The discipline is refusing to micromanage. Every time the human intervenes to nudge the agent toward a “promising” direction, the experimentation loop slows down and inherits the human’s biases about what will work.

The Karpathy GPT-2 example

Karpathy applied this to his own GPT-2 training repo — code he had hand-tuned over literal decades. The agent, left to run, found:

  • Weight decay on value embeddings had not been correctly applied (the agent discovered this by ablating)
  • Adam beta parameters were improperly tuned for his particular setup
  • Joint interactions between hyperparameters that he had missed because he’d only tuned one at a time

The embarrassing-in-a-good-way result: code that had been the product of years of careful manual work still had low-hanging fruit an agent could find in one overnight run. The implication is that most hand-tuned research code has more of this hiding in it than researchers want to admit.

His framing: “I shouldn’t be a bottleneck.”

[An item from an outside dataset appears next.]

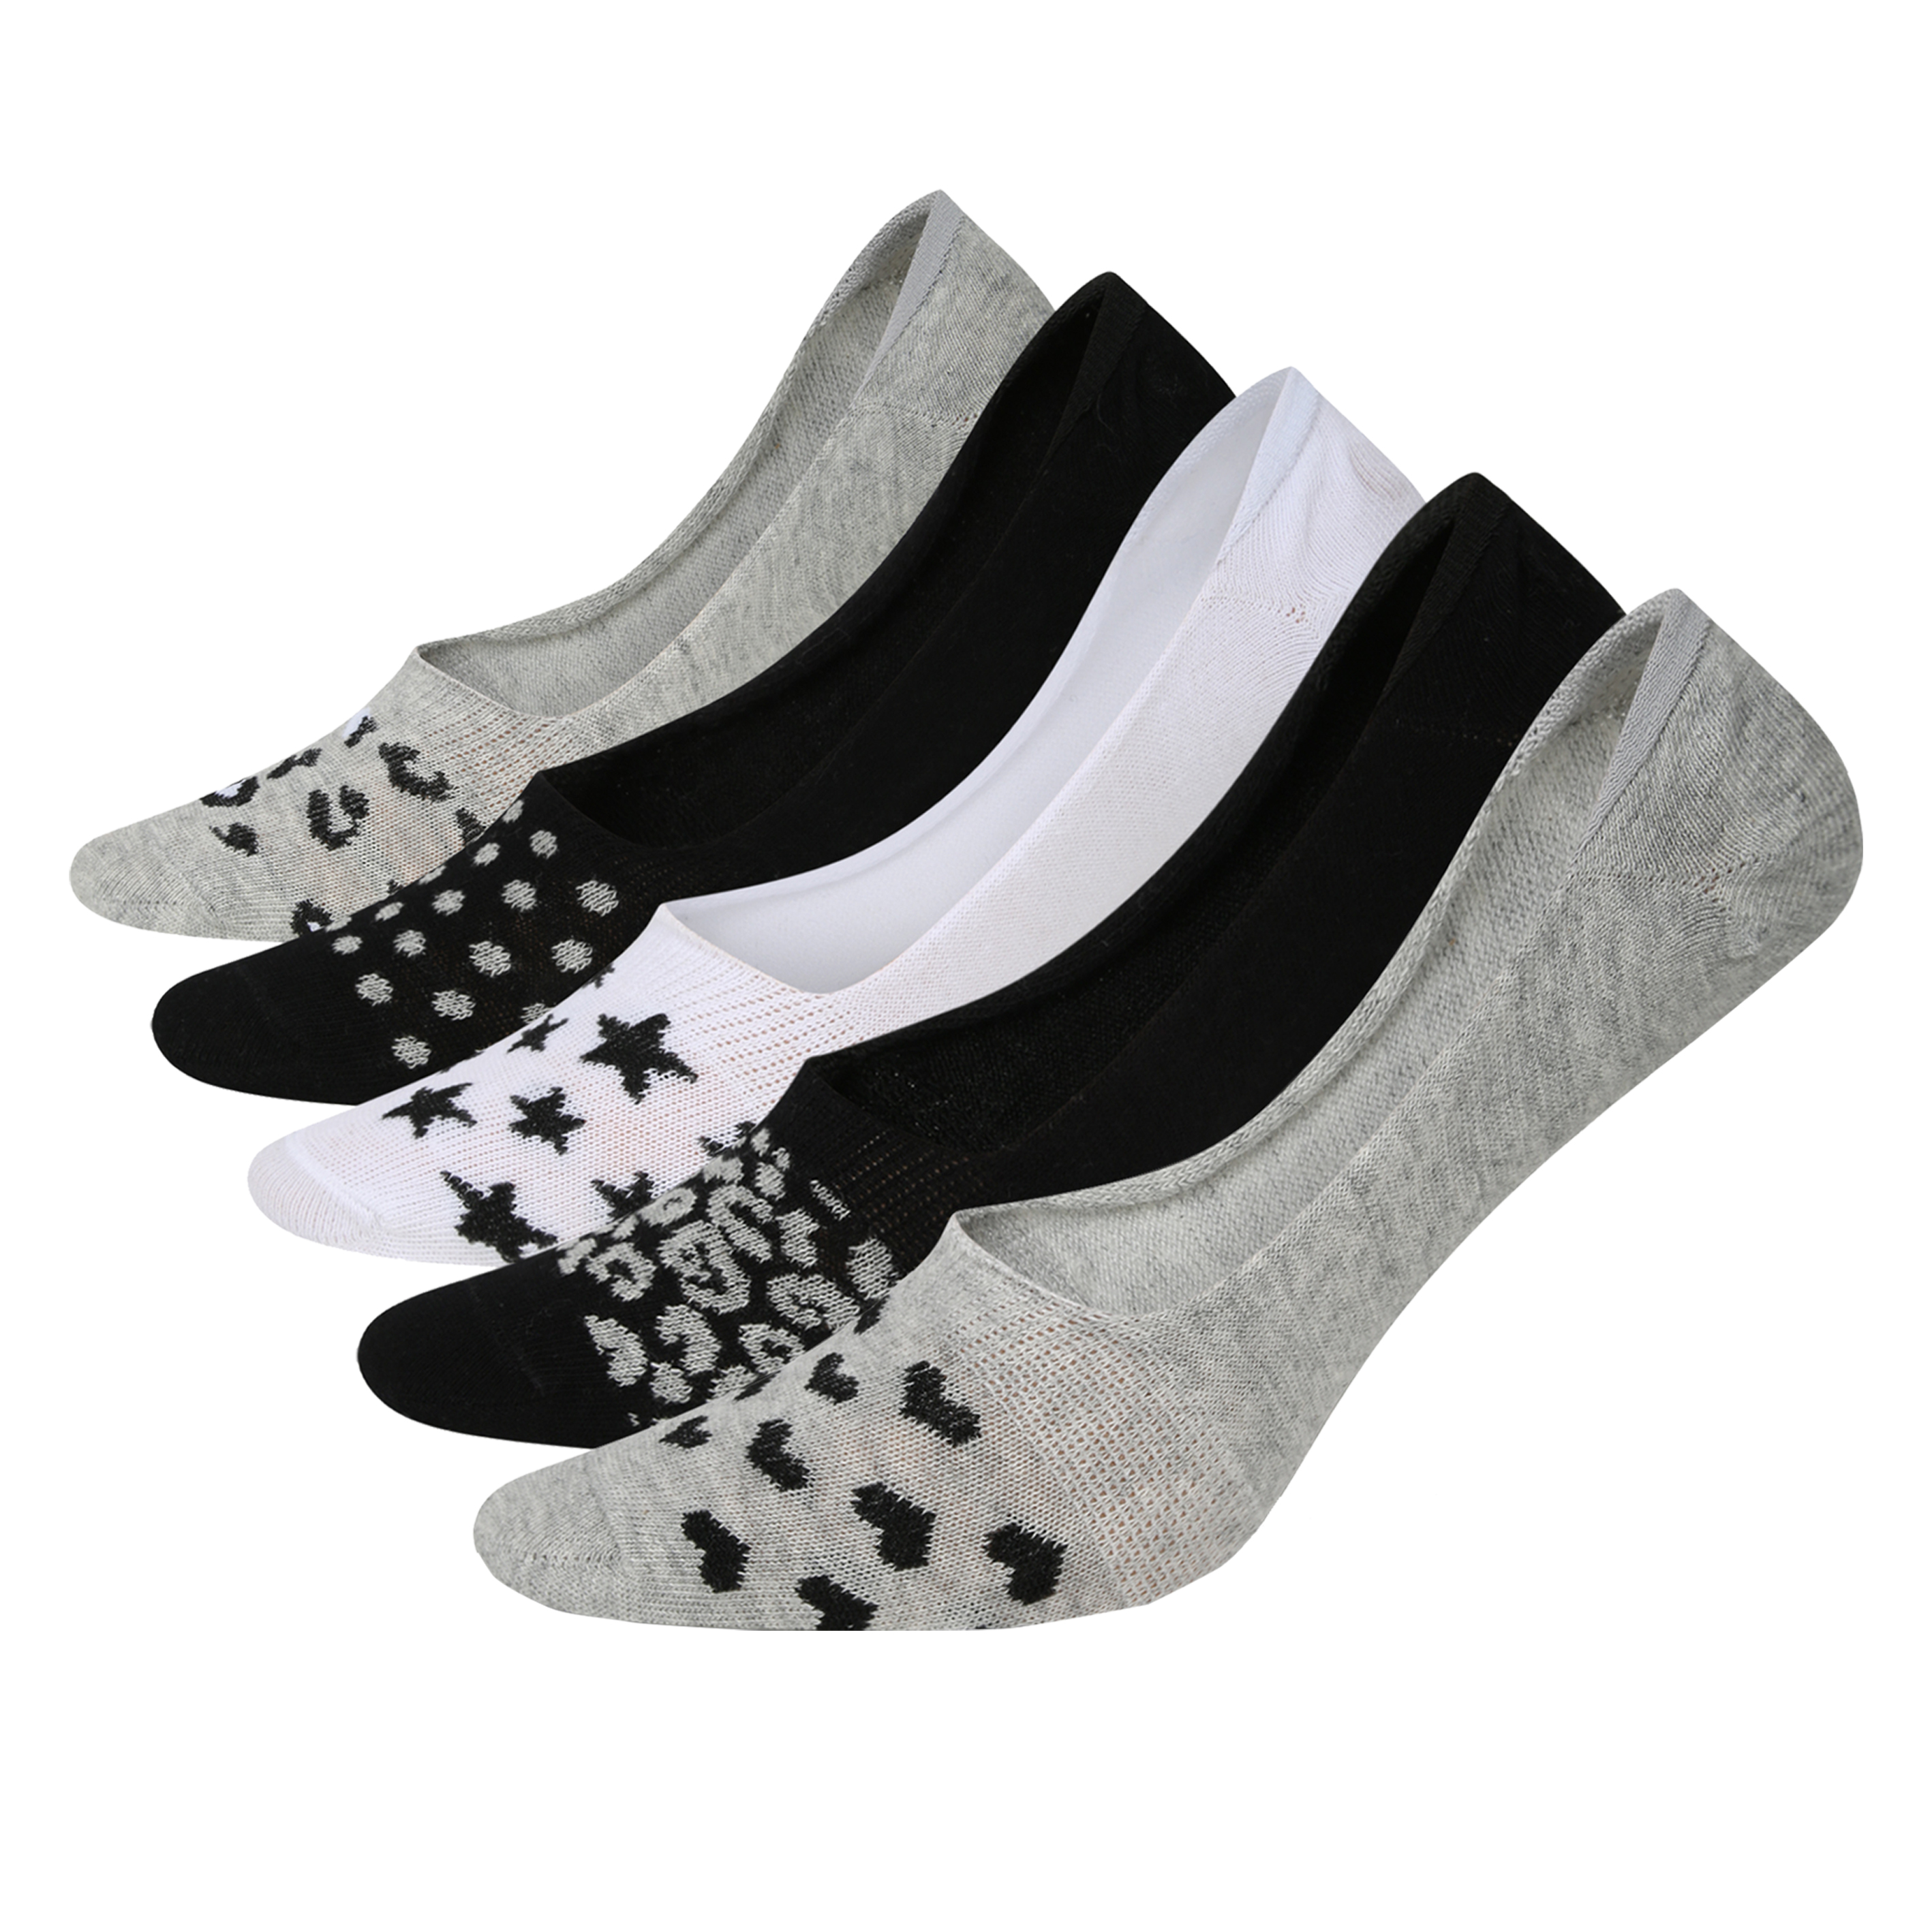 Details about   Ladies Secret Socks / Trainer Socks Brand New Size 4-8 White 5-Pack

What auto research needs to work

  • Clean metrics. If the objective can’t be measured in a single number (or a small vector), the agent can’t know which experiments won. Research domains with noisy, subjective, or multi-dimensional outcomes are harder to automate.
  • Fast iteration cycle. If each experiment takes a week, auto research becomes scheduled-batch research. The payoff scales with how many cycles you can run per budget.
  • Reproducibility. The agent needs to trust that a given config produces the same result twice, or it can’t reason about which change caused which improvement.
  • Bounded search space. Open-ended “go improve this repo” tasks fail because the agent wanders. Constrained “tune these 12 hyperparameters” tasks succeed because the search is small enough to sweep.
  • Safety/cost guardrails. Compute budgets must be enforced by the harness, not by asking the agent nicely.

What changes when this works

  • Human hours per experiment approaches zero. The researcher’s role shifts from running experiments to specifying them and reviewing results.
  • Research throughput becomes compute-bound. The question is no longer “how fast can a researcher iterate” but “how much compute can we throw at the loop.”
  • Hand-tuned artifacts become suspicious. If an agent can find improvements to an expert’s careful work in one night, any artifact that wasn’t subjected to auto-research probably has the same kind of hidden low-hanging fruit.
  • Researchers specialize up the stack. Instead of tuning models, researchers define objectives, curate evaluation sets, and design the search spaces. The mechanical work moves below them.

The limits to watch

  • Metric hacking. Agents optimize what you measure. If the metric has a loophole, the agent finds it. Requires careful metric design and adversarial review.
  • Compute asymmetry. Auto research favors whoever has more compute. This may accelerate the gap between well-resourced labs and everyone else — though distributed approaches like Bittensor-style training may counter this.
  • Non-verifiable domains. Any task without a clean metric (writing quality, research judgment, taste) stays human-led even as mechanical experimentation goes automated.